Key Takeaways
- Total new issuance that we rated in Japan's securitization market was about ¥2.1333 trillion (21 transactions) in 2020.
- We downgraded eight tranches of four transactions during our surveillance; no actions resulted directly from COVID-19; the performance of owner-occupied housing loans we rate temporarily worsened, partly because of the pandemic, before recovering in autumn 2020.
- Certain Japanese REIT (J-REIT) markets, such as those for office properties, are likely to continue weakening.

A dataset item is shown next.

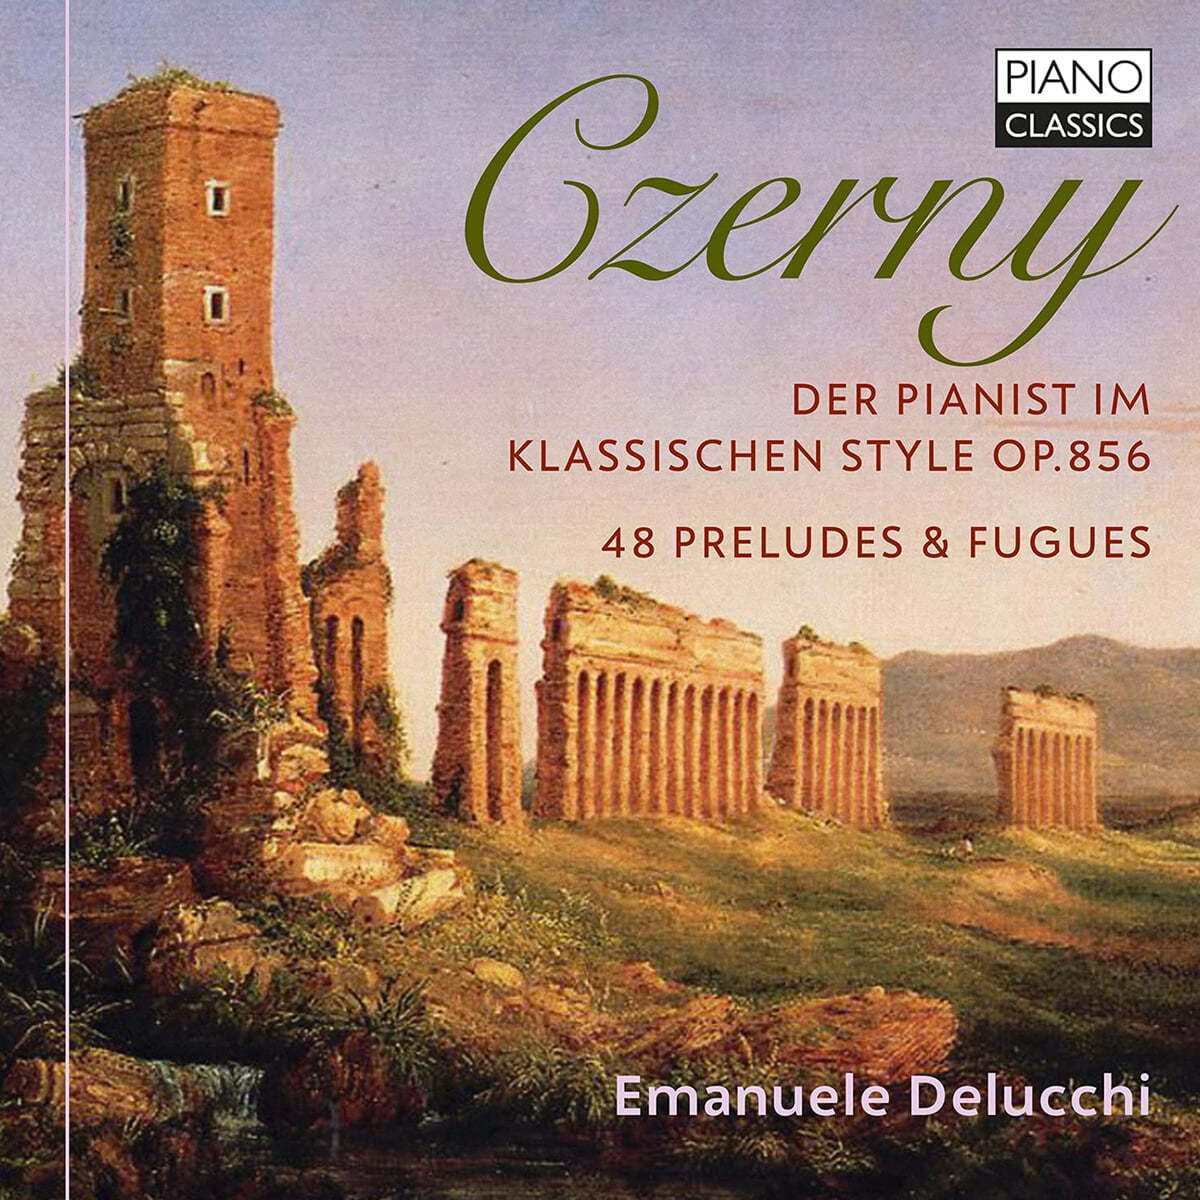 Emanuele Delucchi 체르니: 고전 양식의 피아니스트 - 프렐류드와 푸가 (Czerny: Der Pianist im Klassischen Style Op.856 - 48 Preludes &amp; Fugues)

S&P Global Ratings and S&P Global SF Japan Inc. assigned ratings to 21 Japanese securitization transactions worth about ¥2.1333 trillion (see notes 1 and 2) in 2020 (see table 1). Japan Housing Finance Agency (JHF)'s residential mortgage-backed securities (RMBS) transactions remained the major driver of Japan's securitization market. The total amount of Japanese securitization transactions we rated inched down 2.3% year on year, despite the dizzying economic changes the pandemic brought.
In the course of our surveillance, we downgraded eight tranches of four transactions in 2020. We did not take any rating actions as a direct result of the pandemic. The performance of owner-occupied housing loan receivables has been recovering since autumn 2020 after temporarily worsening earlier in the year.
During 2020, we published commentaries examining the impact of the pandemic on Japan's securitization market.
- How Will COVID-19 Affect Japanese Structured Finance? April 8, 2020
- Scenario Analysis: Japanese RMBS' Credit Enhancements Tolerate Pandemic Stresses, Nov. 5, 2020
We have also updated guidance on our global methodology for analyzing properties in commercial mortgage-backed securities (CMBS) transactions to include jurisdictional assumptions for Japan. It now provides guidance on the approach including setting capitalization rates we typically employ in our analysis of office, retail, residential, and industrial properties such as warehouses (see "Guidance: CMBS Global Property Evaluation Methodology," published March 13, 2019).
Table 1
Total Value and Number Of Newly Rated Securitizations In Japan | ||||||||||||
---|---|---|---|---|---|---|---|---|---|---|---|---|
(Mil. ¥) | 2020 | 2019 | 2018 | 2017 | 2016 | |||||||
RMBS | 2,067,300 | 2,177,800 | 2,219,800 | 2,376,100 | 2,740,300 | |||||||
ABS* | 60,000 | 0 | 127,875 | 137,710 | 88,500 | |||||||
J-REIT | 6,000 | 5,000 | 3,000 | 12,000 | 5,000 | |||||||
Total | 2,133,300 | 2,182,800 | 2,350,675 | 2,525,810 | 2,833,800 | |||||||
Total number of transactions | 21 | 20 | 28 | 28 | 19 | |||||||
RMBS--Residential mortgage-backed securities. ABS--Asset-backed securities. J-REIT--Japanese REIT. *Includes asset-backed commercial paper. |
The Pandemic Barely Dented Total Issuance
Total issuance of rated Japanese securitization transactions came to ¥2.1333 trillion in 2020, down 2.3% from 2019.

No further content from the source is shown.